- **To do**: Exact copies of all the lines below are required, with the pictures omitted.

Recorded information START

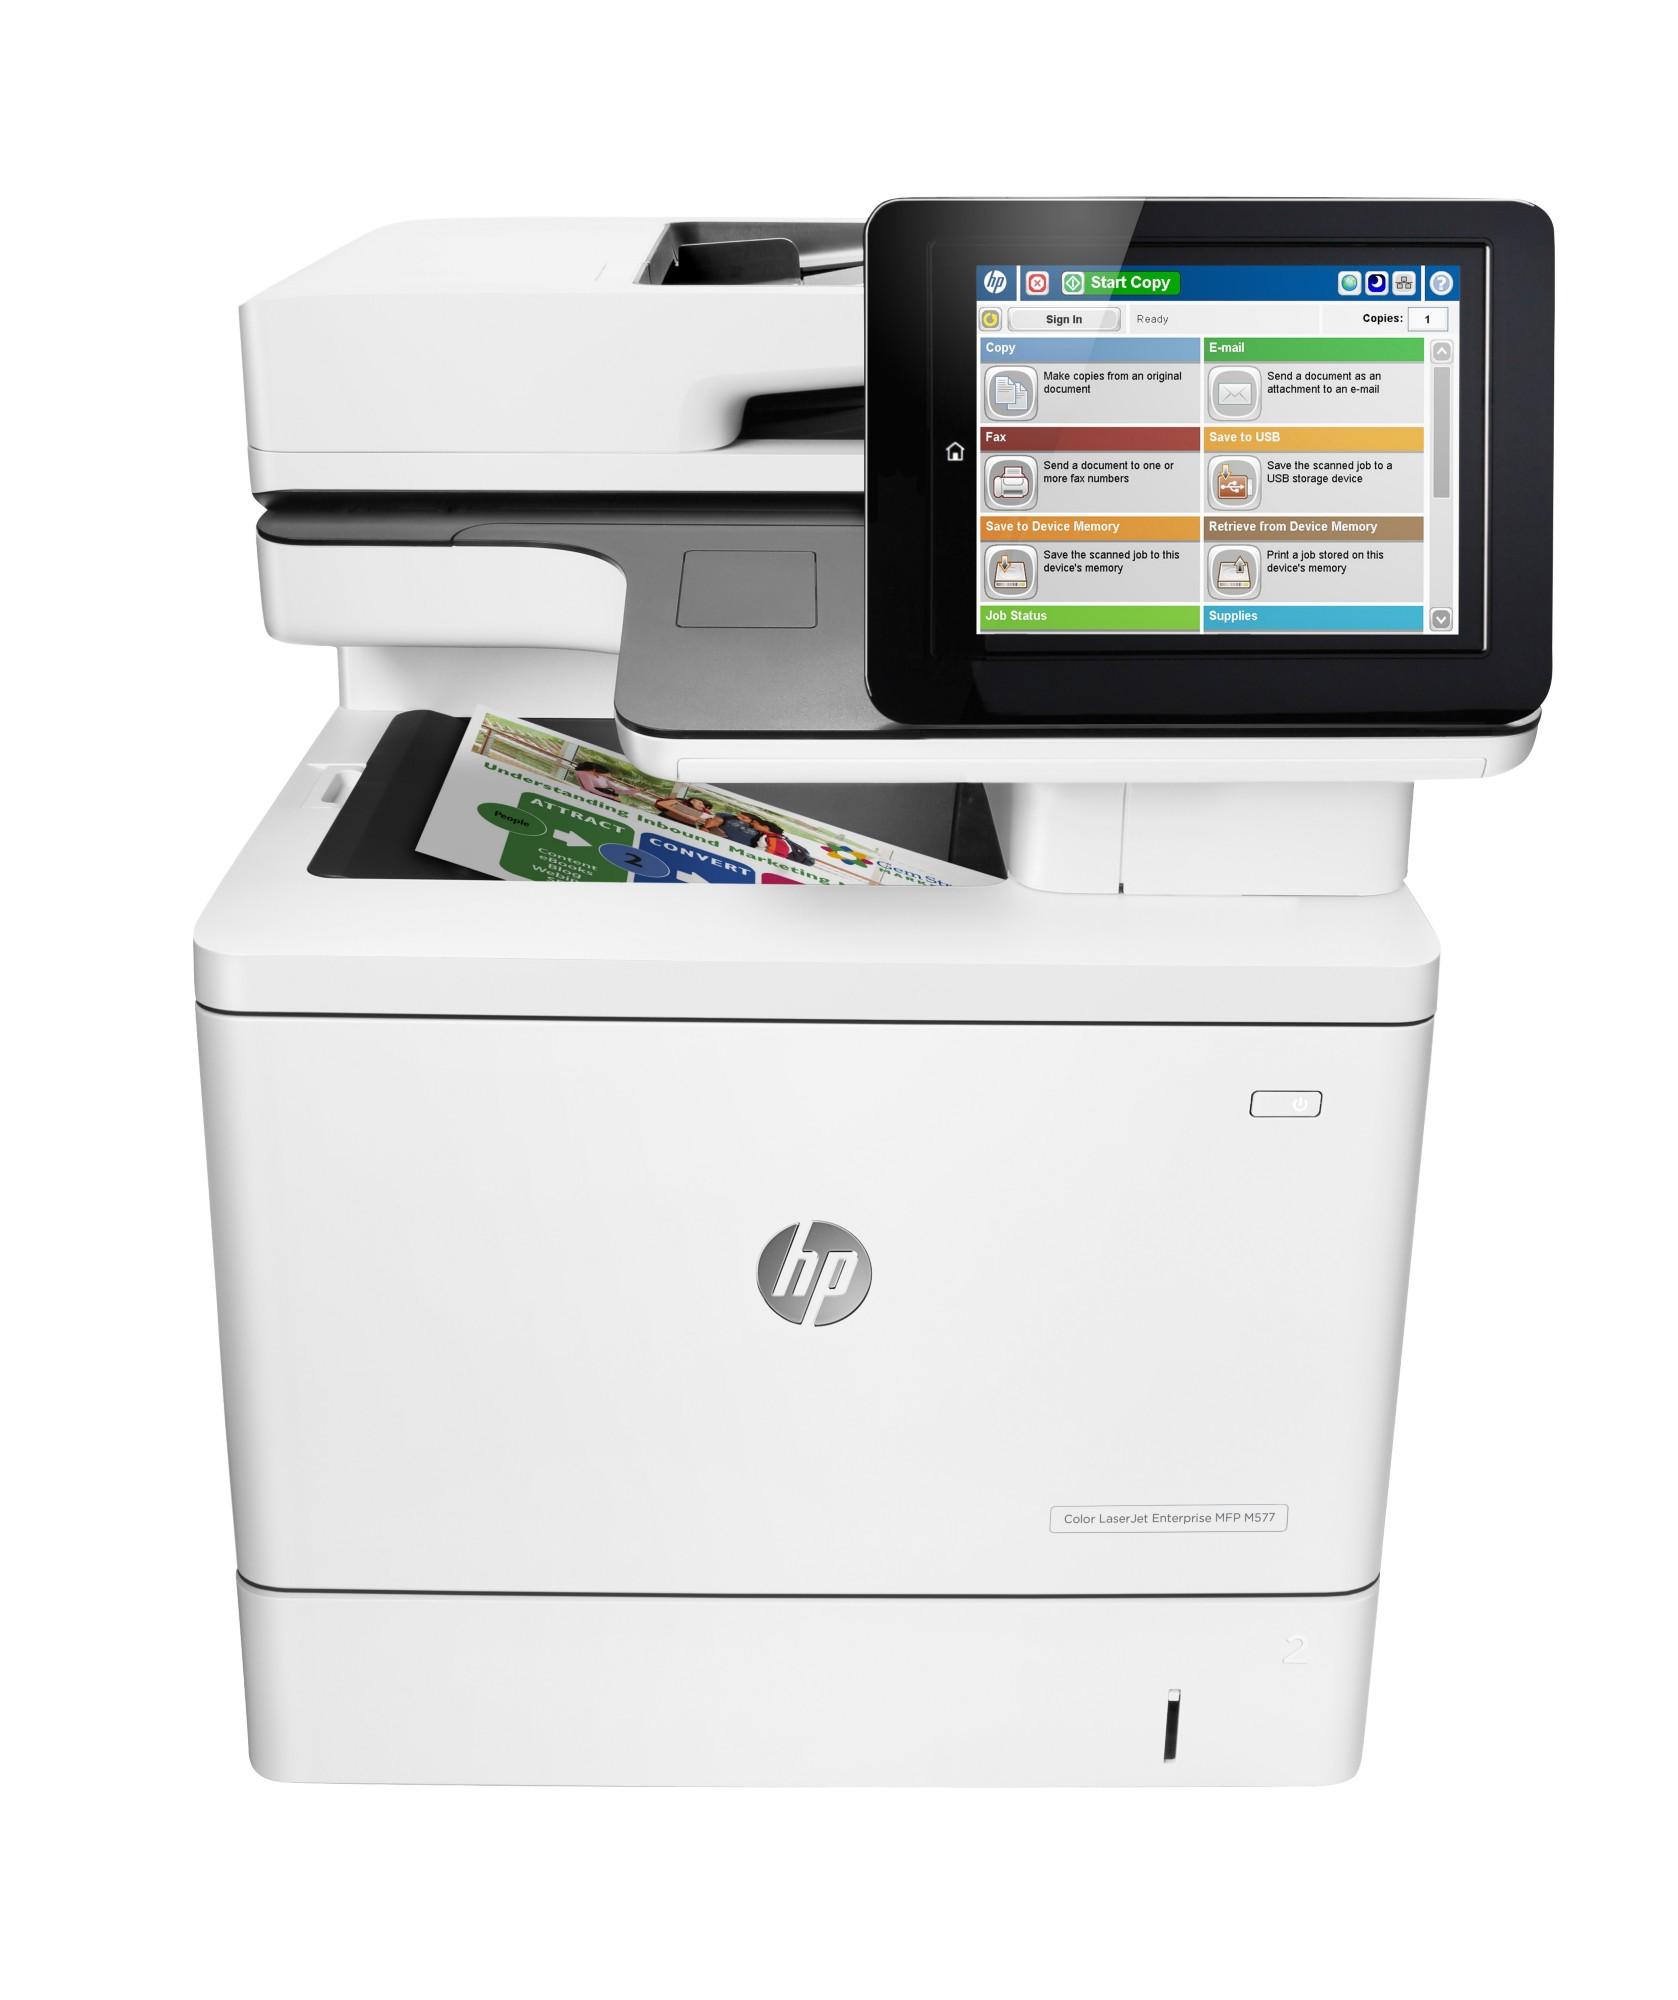 HP LaserJet Color Enterprise MFP M577dn
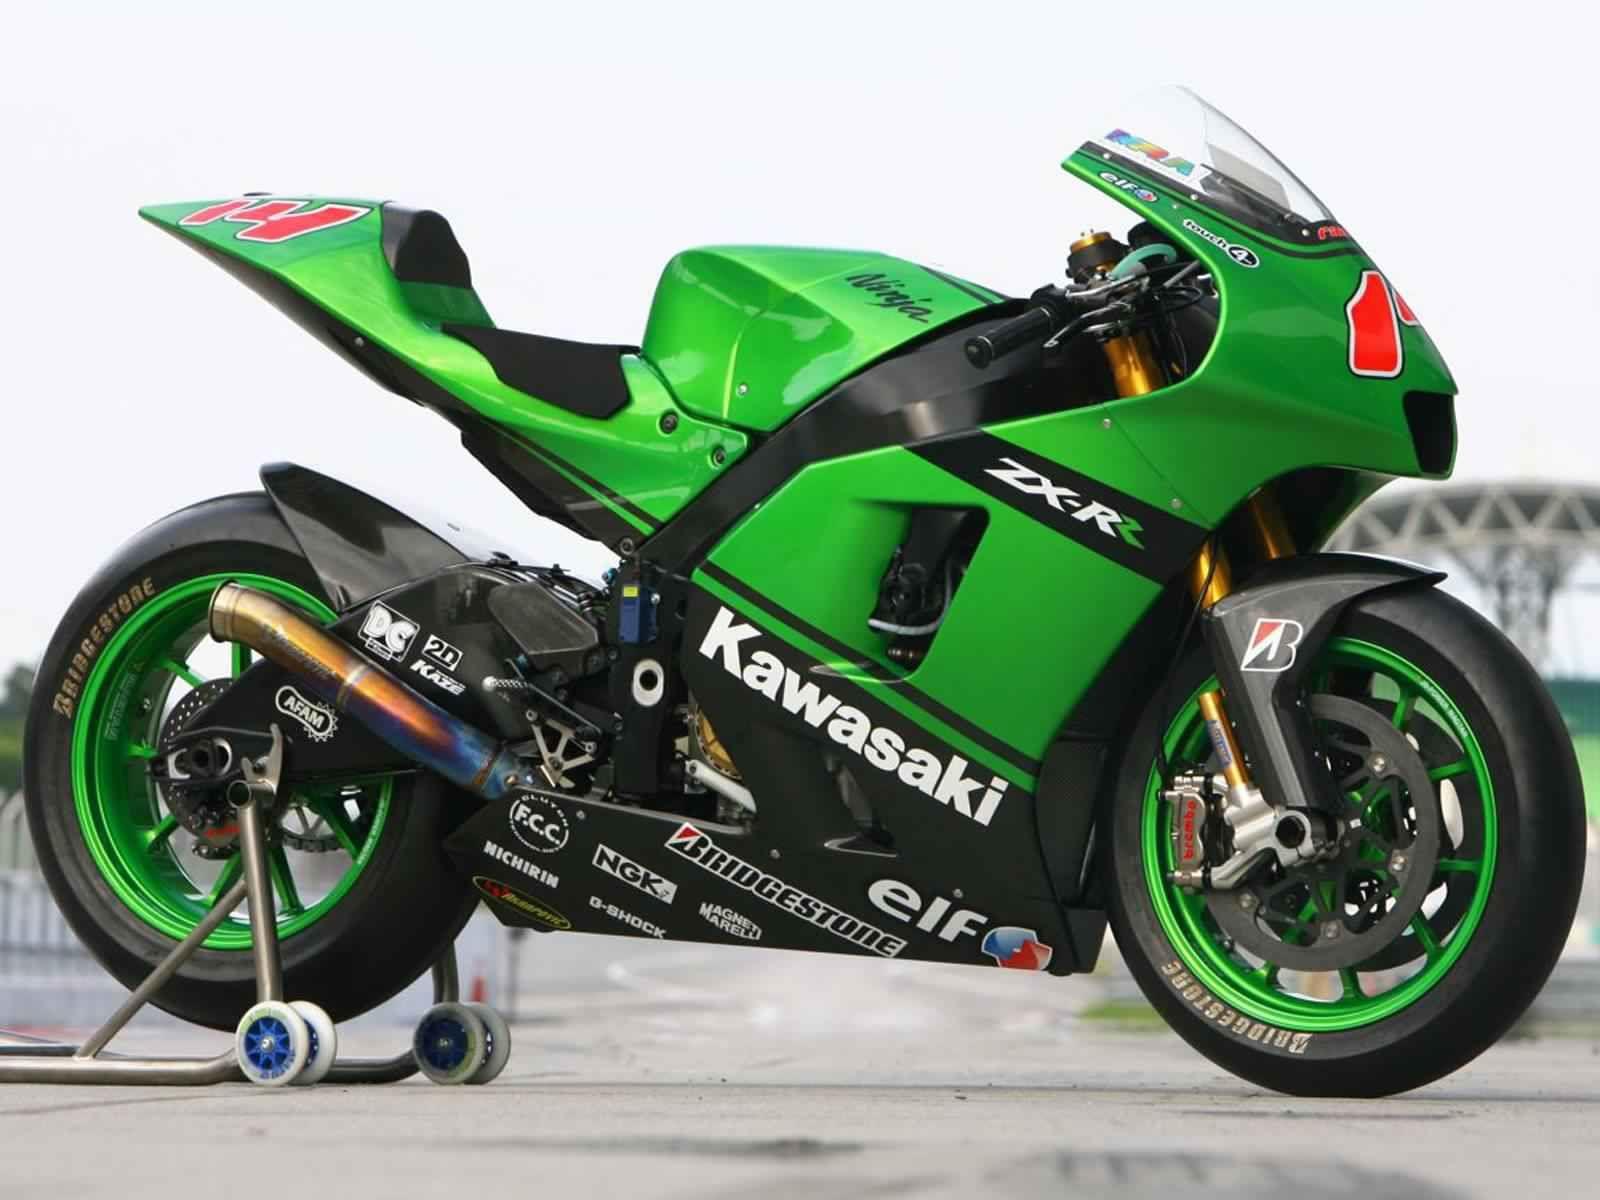 Kawasaki Zx Rr Motogp Bike Hot Rides Kawasaki Motorcycles
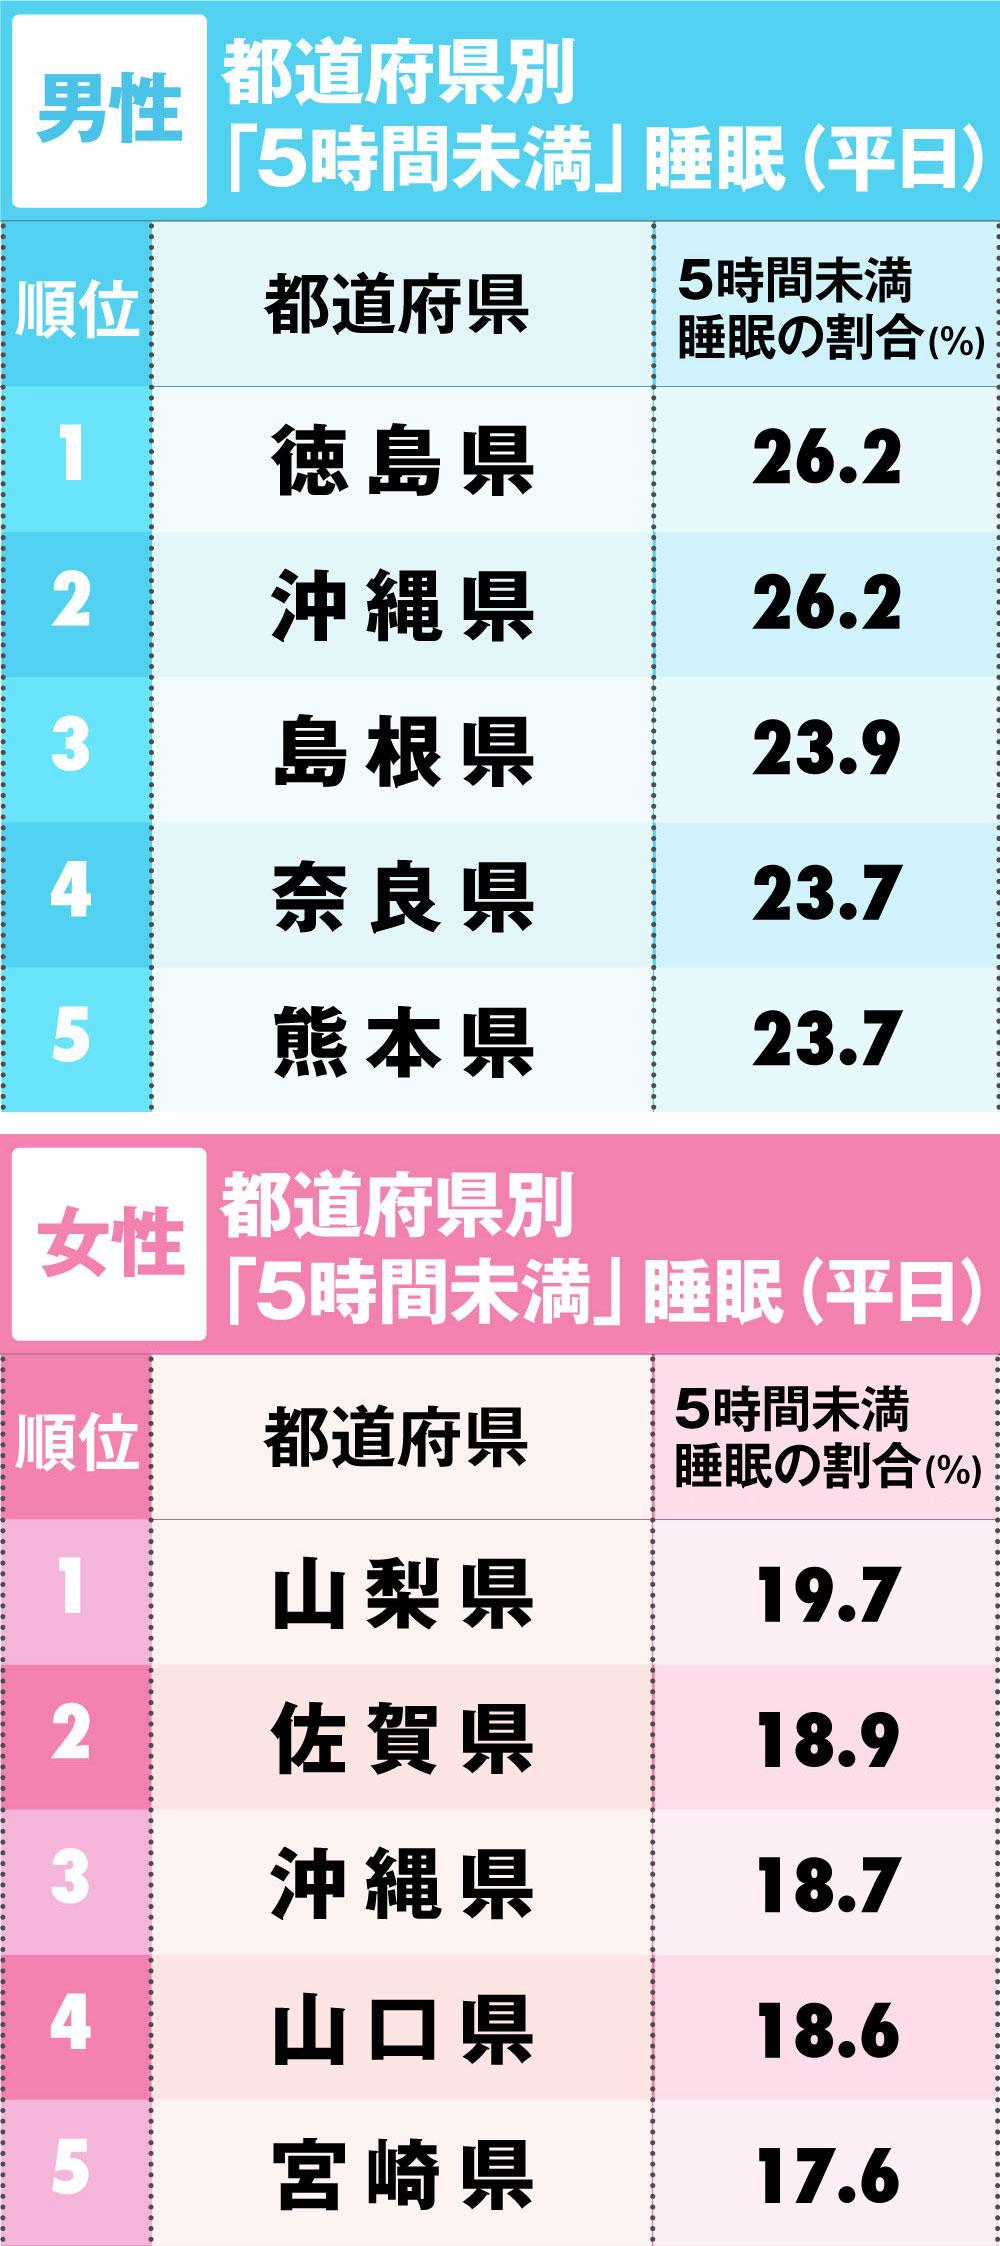 『5時間未満』睡眠の割合が高い都道府県ランキング」男性1~23位

Recorded information END

- **Solution**:
 HP LaserJet Color Enterprise MFP M577dn
 Kawasaki Zx Rr Motogp Bike Hot Rides Kawasaki Motorcycles
 『5時間未満』睡眠の割合が高い都道府県ランキング」男性1~23位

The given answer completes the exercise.